Titre original : Nanoparticules multifonctionnelles pour une thérapie par la lumière guidée par IRM

 
Le traitement des tumeurs cérébrales primitives malignes du cerveau, dont le glioblastome multiforme est la forme la plus agressive, représente un des plus importants défis thérapeutique. Ces tumeurs sont souvent décelées tardivement et les pronostics de survie restent parmi les plus graves de la cancérologie.

La neurochirurgie, quand elle est possible (pour environ 75% des patients), représente l'option thérapeutique de référence, mais l'exérèse ne concerne souvent que la partie volumineuse centrale de la tumeur, tandis que la zone périphérique infiltrante est, quant à elle, beaucoup plus difficile à identifier, à visualiser et donc à traiter. En dépit des progrès réalisés en neurochirurgie, l'exérèse reste le plus souvent subtotale.

Depuis deux ans, en partenariat avec les équipes spécialisées en chimie et photophysique*, les recherches du Centre de Recherche en Automatique de Nancy (C.R.A.N UMR 7039 CNRS, Nancy-Université, site du Centre Alexis Vautrin) se concentrent sur la mise au point d'une technologie innovante, visant à atteindre et détruire l'ensemble de la tumeur.

Imaginez une nanoparticule de moins de 10 nm de diamètre configurée comme une nanoplateforme pour le traitement par la lumière des tumeurs cérébrales.

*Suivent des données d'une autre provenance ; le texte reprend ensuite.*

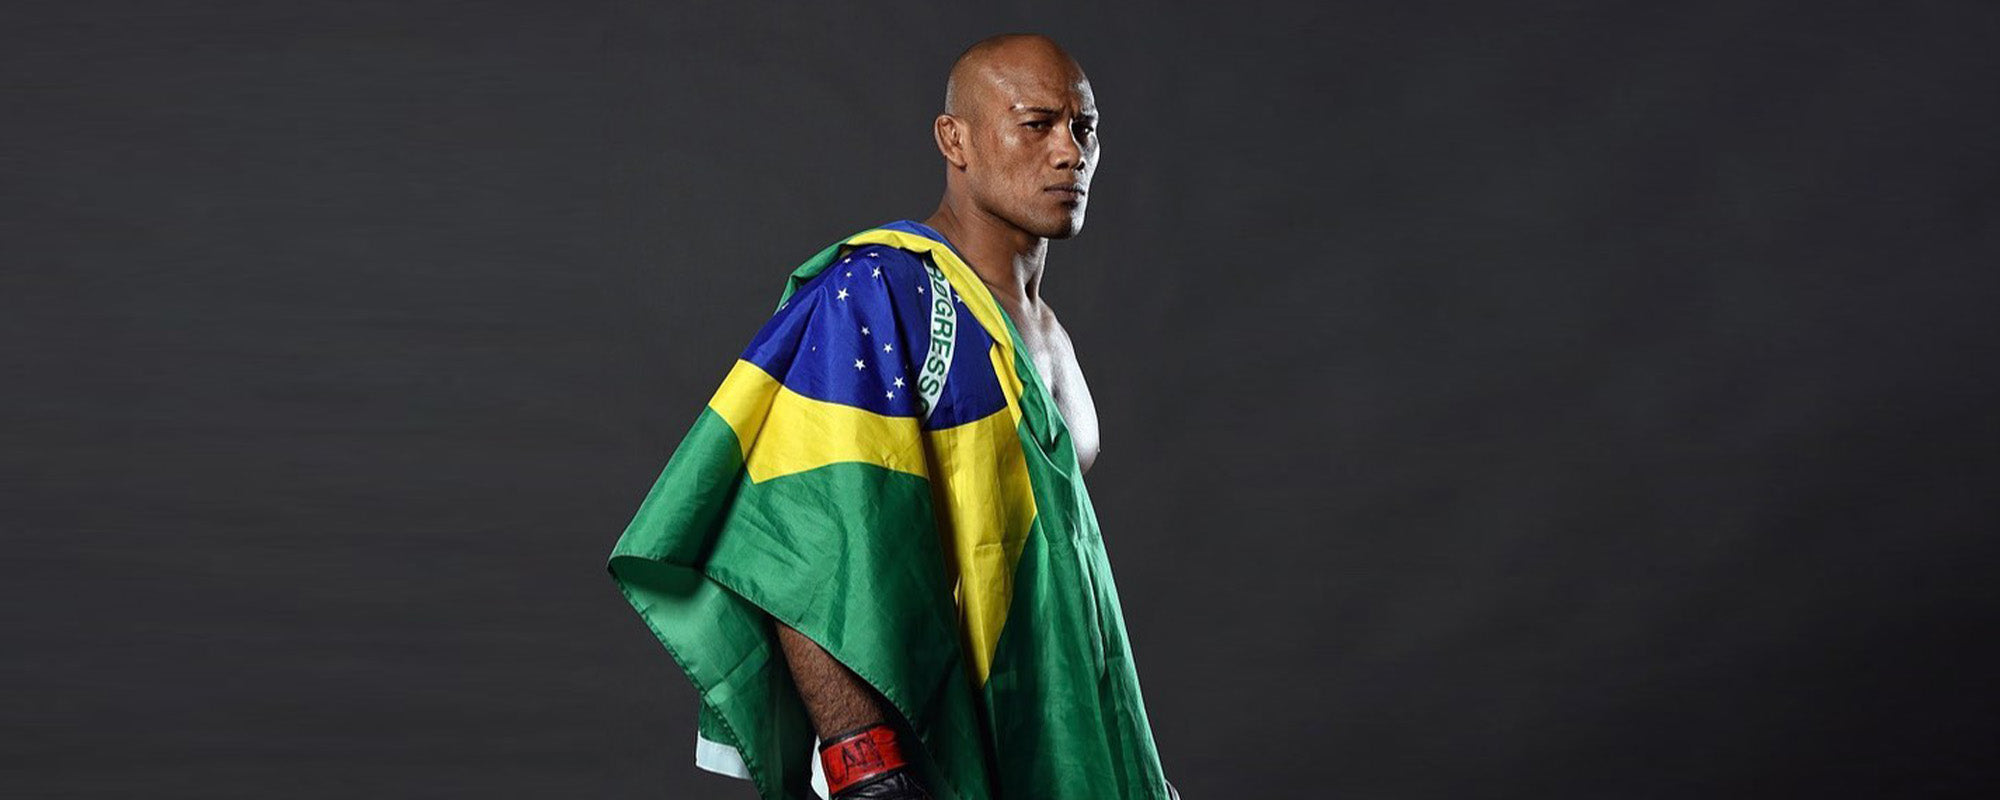 Ronaldo Souza - A Fierce MMA Beast & 4th Degree BJJ Black Belt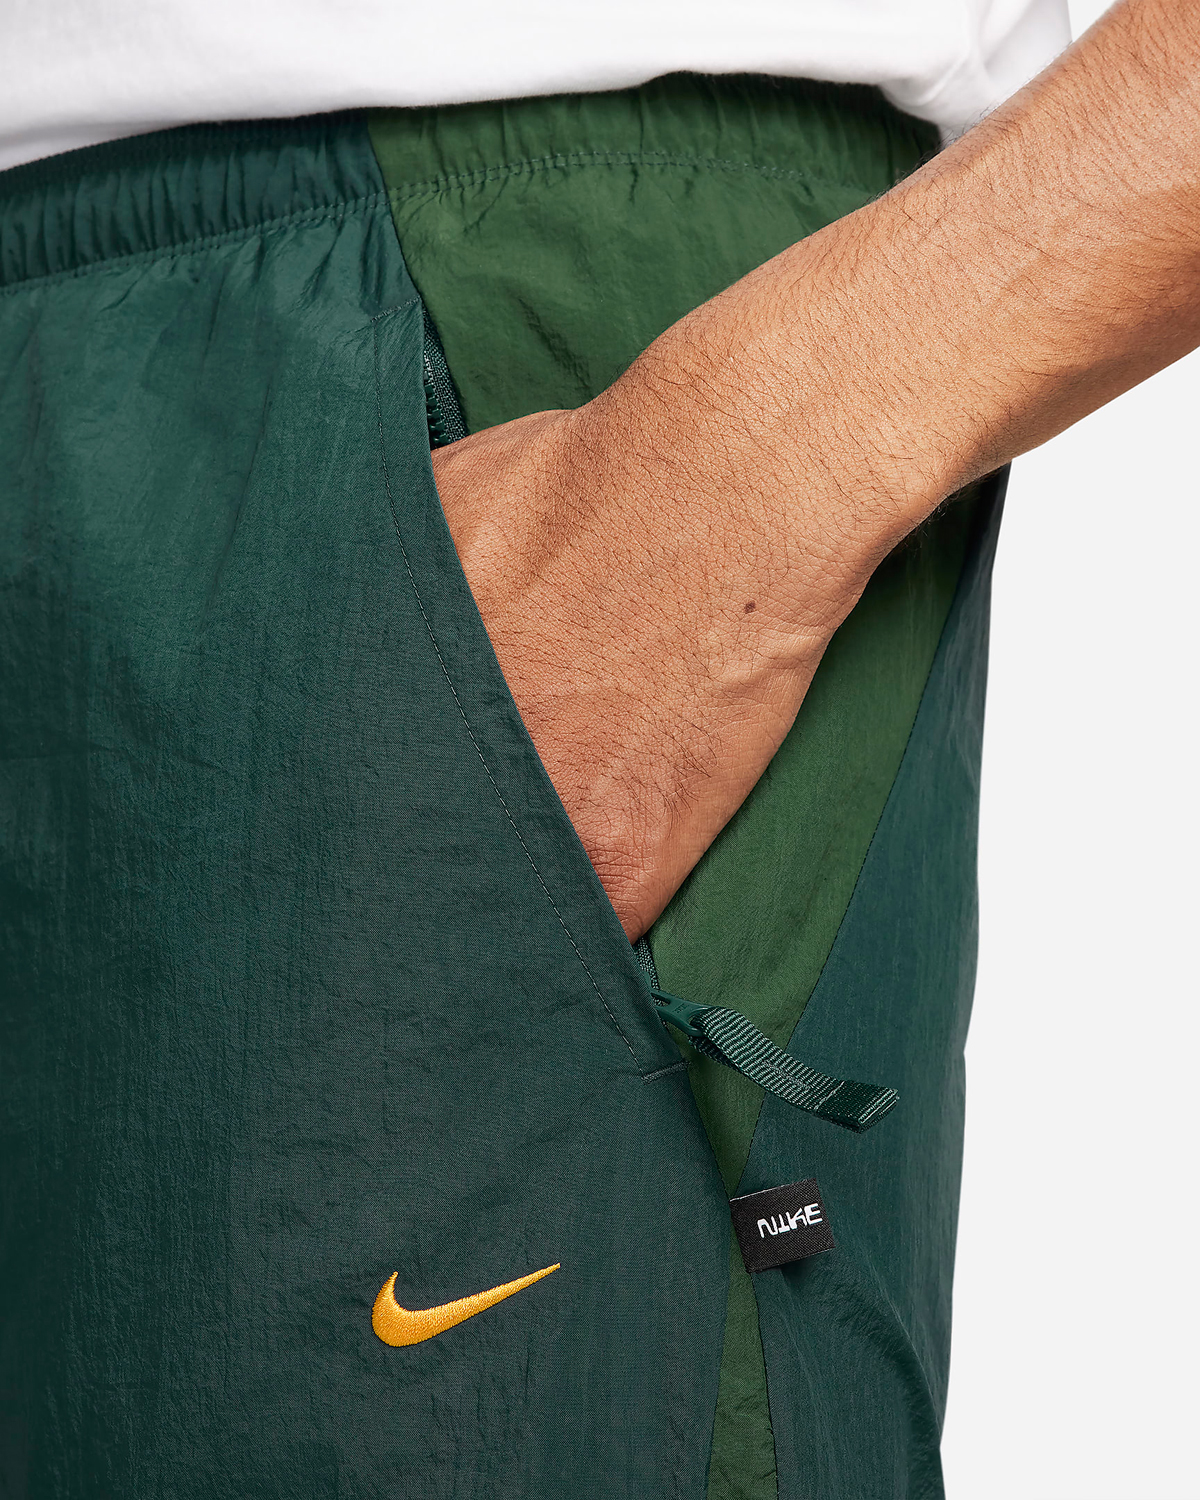 Nike Repel Culture of Football Soccer Top Pants Deep Jungle Sundial 2

La stratégie est double. D'une part, il s'agit de traiter les lésions cancéreuses par une thérapie locorégionale sélective ; de l'autre, d'asphyxier la tumeur en s'attaquant au réseau vasculaire qui l'alimente en nutriments et en oxygène.

L'optimisation de la nanoplateforme joue sur trois paramètres, d'abord l'épaisseur de la coquille de la nanoparticule qui doit être suffisamment perméable pour permettre la diffusion de l'oxygène indispensable à la réaction photodynamique initiée par la lumière donc à l'efficacité thérapeutique ;

ensuite l'intensité du signal IRM rehaussé pour permettre l'imagerie nécessaire à l'implantation judicieuse de la fibre optique délivrant la lumière ;

enfin, la nanoplateforme doit être la plus sélective possible, qualité que lui confère sa fonctionnalisation optimisée en peptide ou pseudopeptides, tout en restant photo-activable.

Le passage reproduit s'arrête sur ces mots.